The pH is always a result of something else. It is not a primary parameter. If you add an acid to your water the pH will drop. If you add an alkaline substance the pH will rise. If the acid or alkaline you add is harmful to the fish it is that which hurts the fish, not the pH. Adding tannins, which are acidic, doesn't harm the fish, but adding inorganic acids may well harm them. When we add CO2 to the water, a tiny bit of the CO2 forms carbonic acid in the water, dropping the pH - actually it, along with the carbonates in the water, form a buffer that holds the pH constant at the value determined by how much CO2 is in the water and how much carbonates are in the water. The change in pH caused by the addition of CO2 does not harm the fish, but too much CO2 in the water will harm the fish, no matter what the pH is.

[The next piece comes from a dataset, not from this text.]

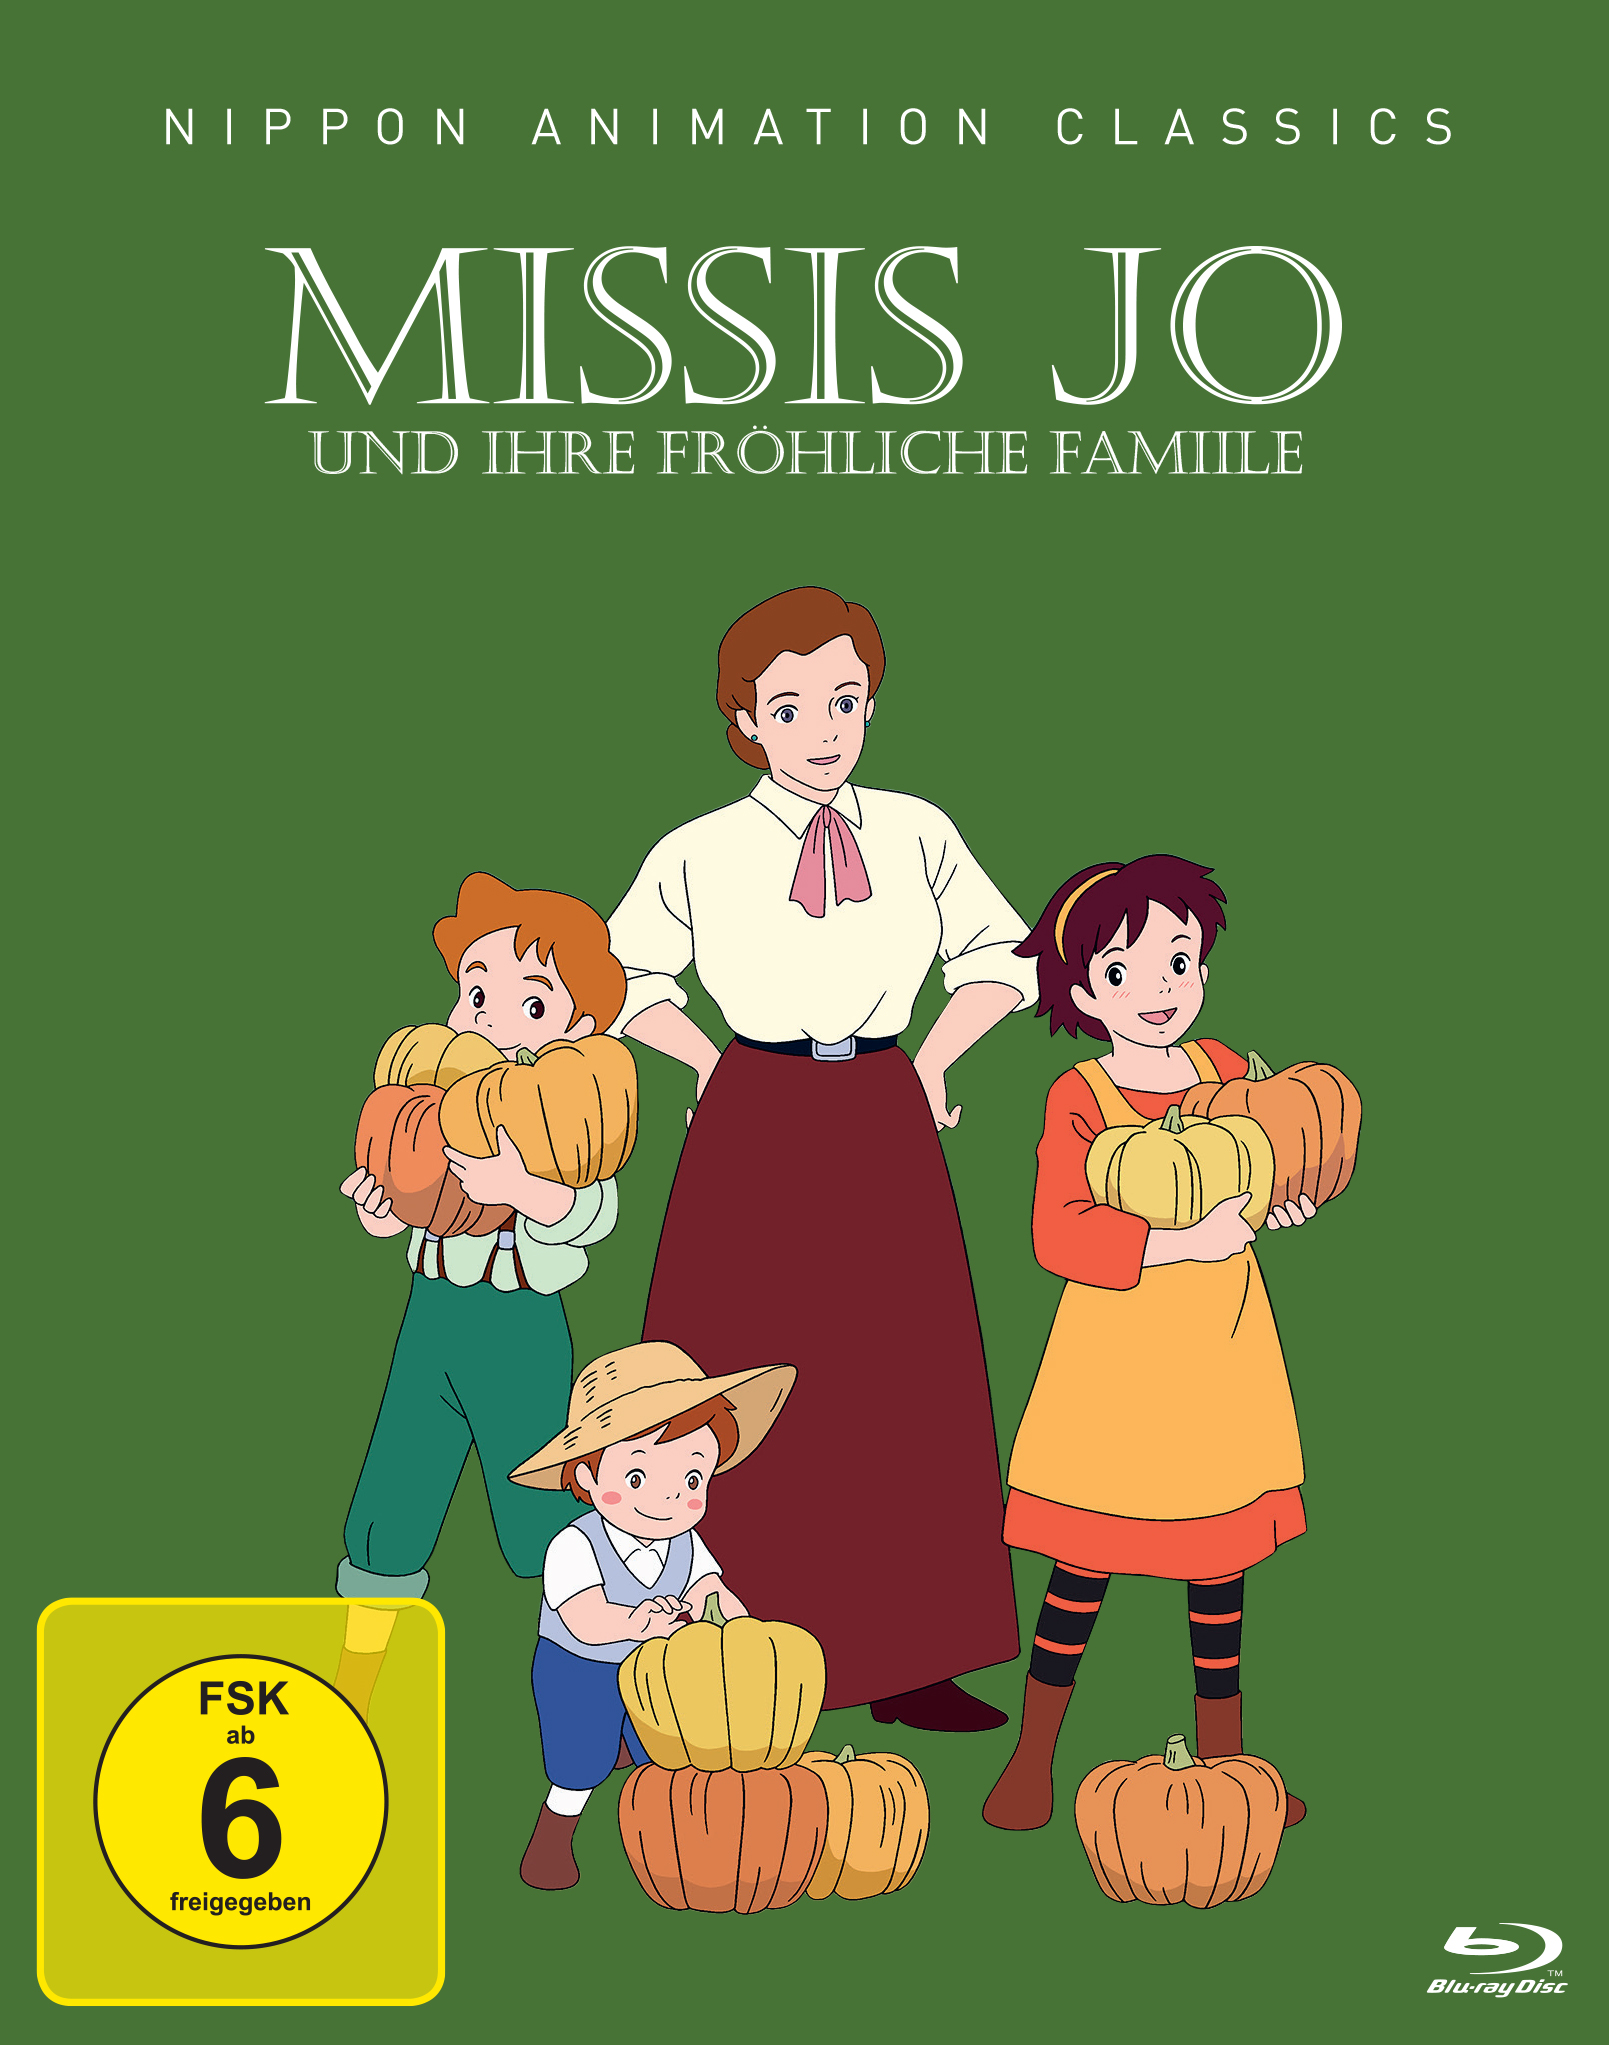 Missis Jo und ihre fröhliche Familie - Complete Edition [Blu-ray] Cover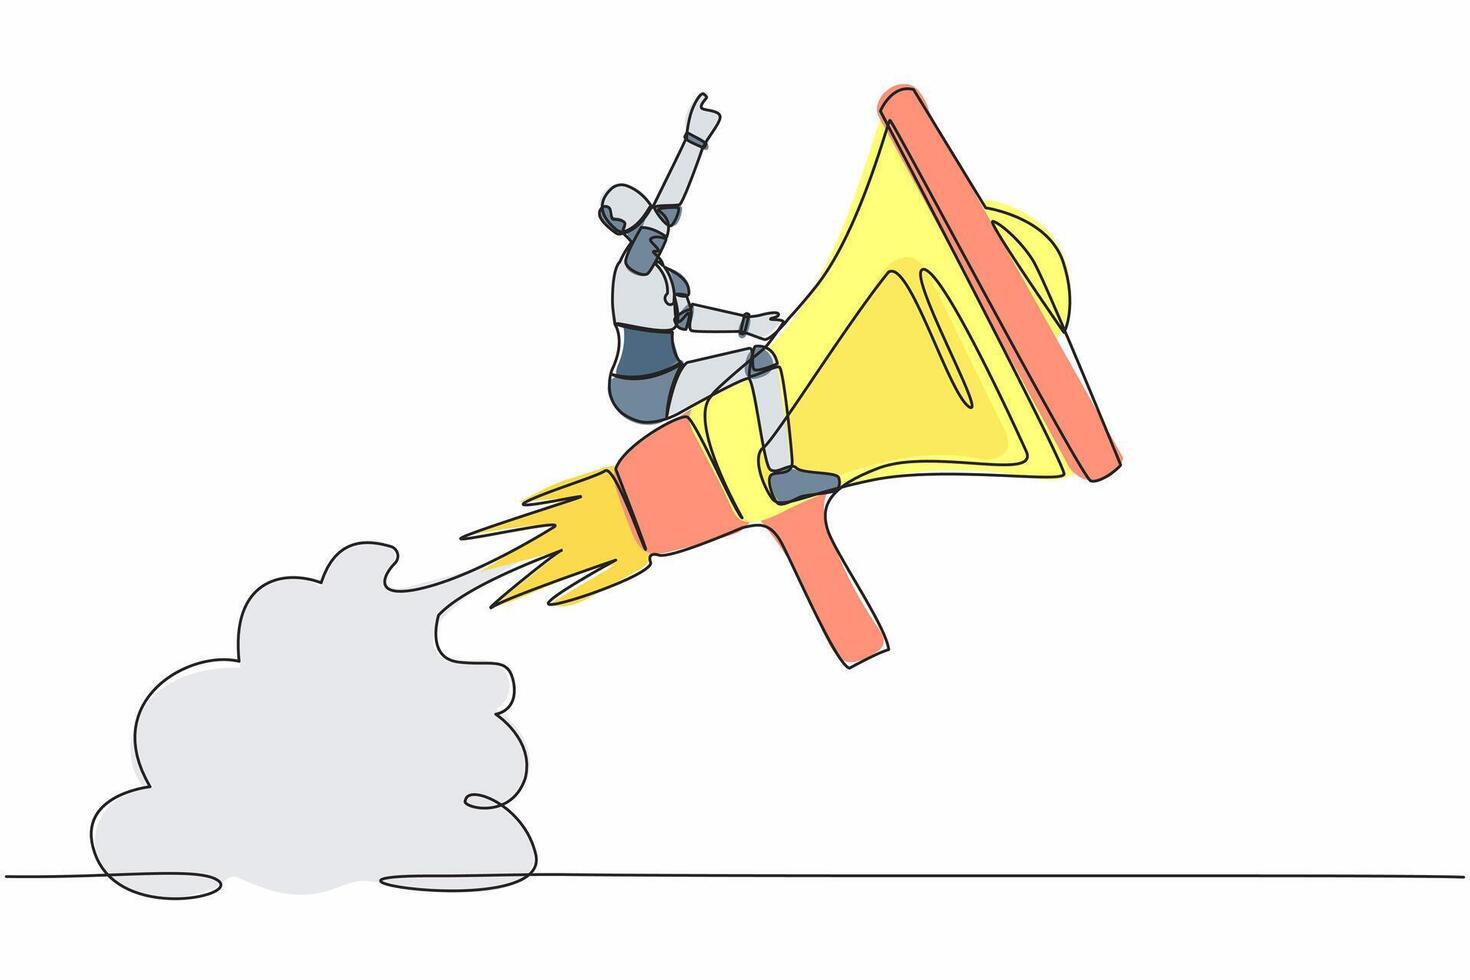 continuo uno línea dibujo de robot montando megáfono cohete volador en cielo. suave habilidad a comunicar con equipo. humanoide robot cibernético organismo. soltero línea dibujar diseño vector gráfico ilustración

Fortunately, it is almost impossible to make really sudden changes in pH by adding CO2. Those changes take at least 10+ minutes for the pH to change even in small tanks. I think the ease of measuring pH has caused us to vastly overemphasize pH as a meaningful parameter. I never measure pH in my tank, and haven't done so for several years now.


----------



## klibs (May 1, 2014)

bsantucci said:


> pH drop from co2 is definitely not the same as a pH swing from gH or kH changes. The daily co2 swing won't harm any livestock. As long as fish aren't gasping you're all good.


+1

My pH swing is from about 7 - 5.9 every day. Fish are totally fine.


----------



## DBridges (Sep 22, 2009)

Thanks for the responses, guys. That helps to clear things up a bit.

Seems like any hobby you get into deep enough, you start to miss the forest for the trees sometimes.

David


----------